Developed by From Software. Published by Sony Computer Entertainment. Released March 24, 2015. Available on PS4. Review copy provided by Publisher.
The Souls series has gained quite a reputation for having some of the most difficult games of the modern era, and while it's a well-earned reputation, Demon's Souls, Dark Souls, and Dark Souls 2 are special for much more than just their punishing difficulty. They are exemplary in environmental storytelling, risk vs. reward game mechanics, enemy design, level design, and treating gamers with respect. While it's not technically a Souls game -- though it is helmed by Demon's Souls and Dark Souls creator, Hidetaka Miyazaki -- Bloodborne absolutely lives up to the Souls series' reputation by delivering on all of those aforementioned fronts, while at the same time packaging it all in a way that will feel simultaneously familiar and foreign to Souls veterans.
Bloodborne opens with your character arriving at a town named Yharnam seeking something known as Paleblood. A doctor tells you that in order to obtain the Paleblood, you'll need to unravel its mystery, and in order to do that, you'll first need to get some Yharnam blood in you.
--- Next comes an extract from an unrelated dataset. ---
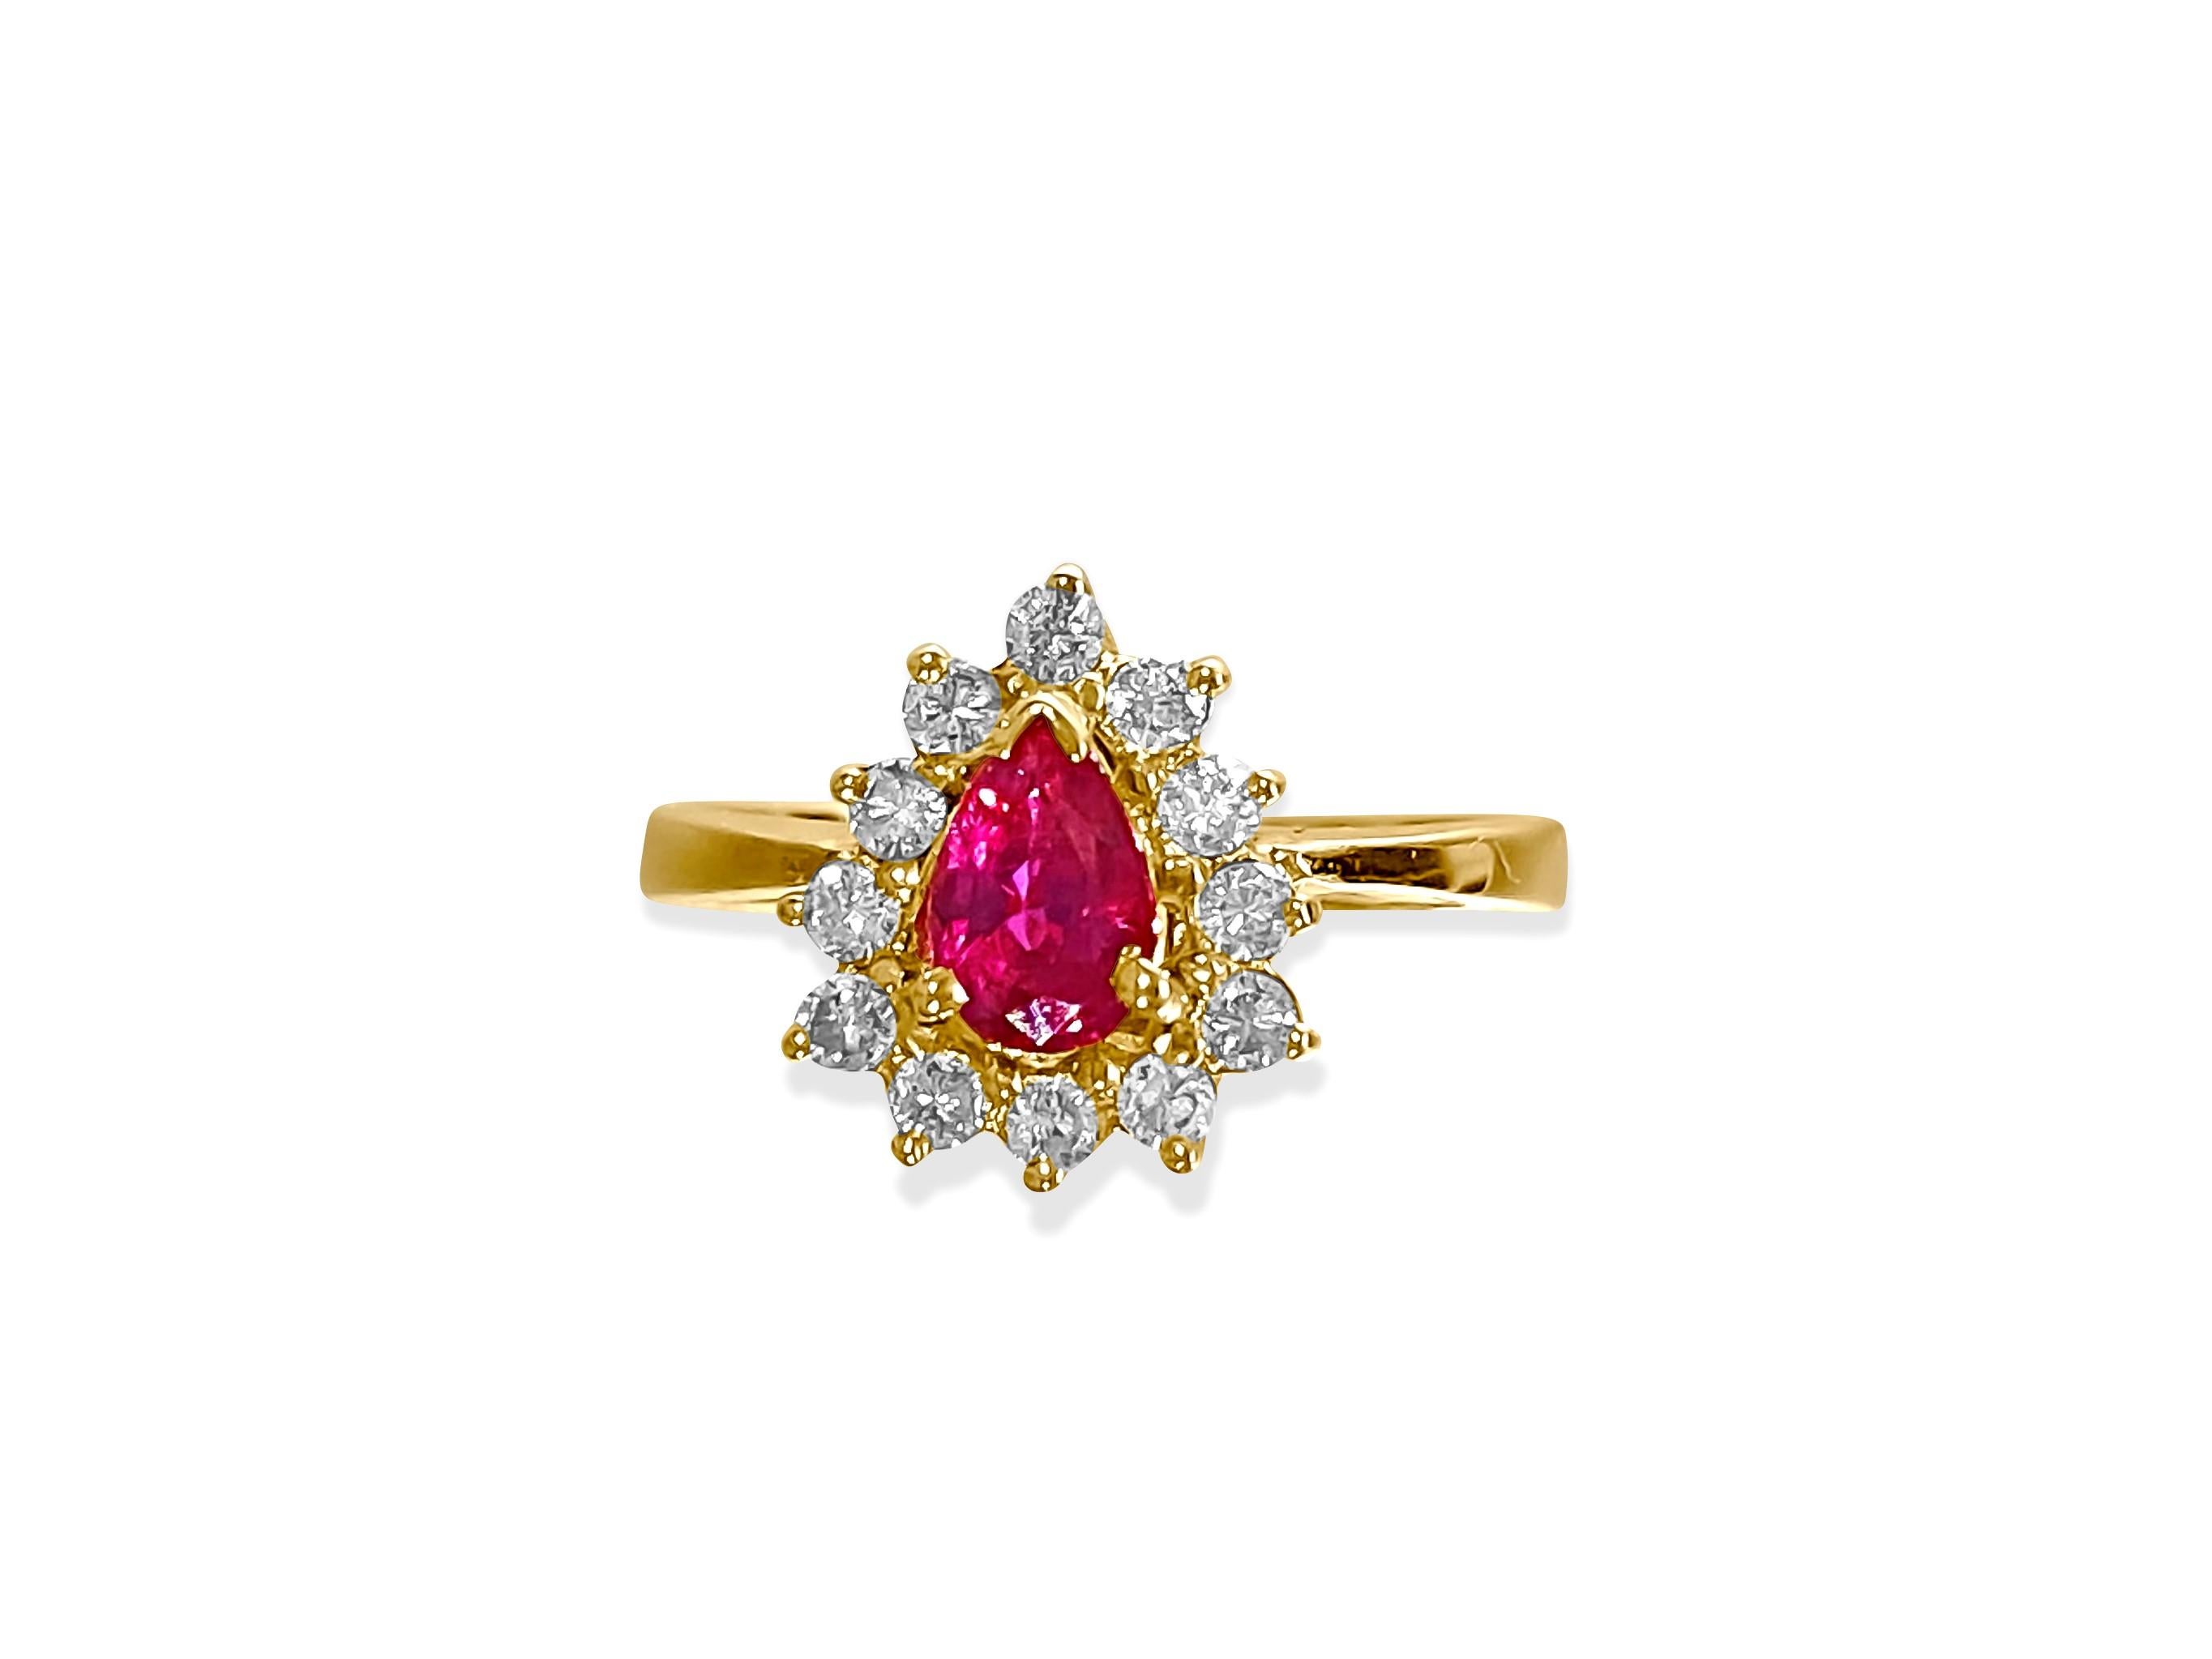 Marquise Cut 1.50 Carat Natural Ruby Diamond Womens Ring 14 Karat Yellow Gold For Sale

Never one to turn down an offer of a sketchy blood transfusion, apparently, you agree, much to the sinister delight of your attending physician.
With the transfusion underway, your vision fades, and that's when things start to go a little crazy. In your dream, hideous beasts appear from pools of blood in the ground, tiny ghouls emerge from fog and start climbing all over you, and a voice echoes that says 'Ah, you've found yourself a hunter.'
As you awaken you can find a note that says 'Seek Paleblood to transcend the hunt,' and that's really all that you have to go off of in terms of plot. In typical Souls fashion, the rest of the plot is up to you to figure out. It's entirely possible to miss out on key plot details by failing to find a specific NPC, or missing out on a particular item, or even missing an entire boss fight altogether.
Basically, it's From Software up to their usual tricks, and if you didn't like the Souls series style of delivering its story through hidden NPCs and item descriptions, then you're not going to like it here either. There's plenty of interesting lore to discover, and I can't wait to see all of the videos of people digging deep into the game and coming up with their own theories on certain plot threads, but it is a little sad to get to the end of the game and still feel like you don't have a full grasp of what's going on in the world.
If you're coming into Bloodborne as a newcomer to From Software's "Learn by dying" method of game play instruction, be prepared for a rough ride. Likewise, if you were worried about the developers toning down the difficulty in an effort to make the game more accessible to a wider variety of people, then consider your fears alleviated, because Bloodborne is just as brutal as its spiritual predecessors.
Enemies in Bloodborne are just about the most aggressive enemies you'll ever encounter in a video game. They're fast as hell, they flail towards you with combos that seemingly never end, and can close the distance at an alarming rate. If you just wait around trying to find openings to attack like you typically would in Dark Souls, chances are you're going to get overwhelmed. Shields, for the most part, are gone as well, so your only method of avoiding damage is by being on point with your dodges.
All of this adds up to an incredibly fast paced combat system and Bloodborne is much better for it. It forces players to be aggressive, while still punishing them for being reckless. Combat is still incredibly challenging, and perhaps at moments, even more so than its predecessor. but it's always fair and always supremely satisfying.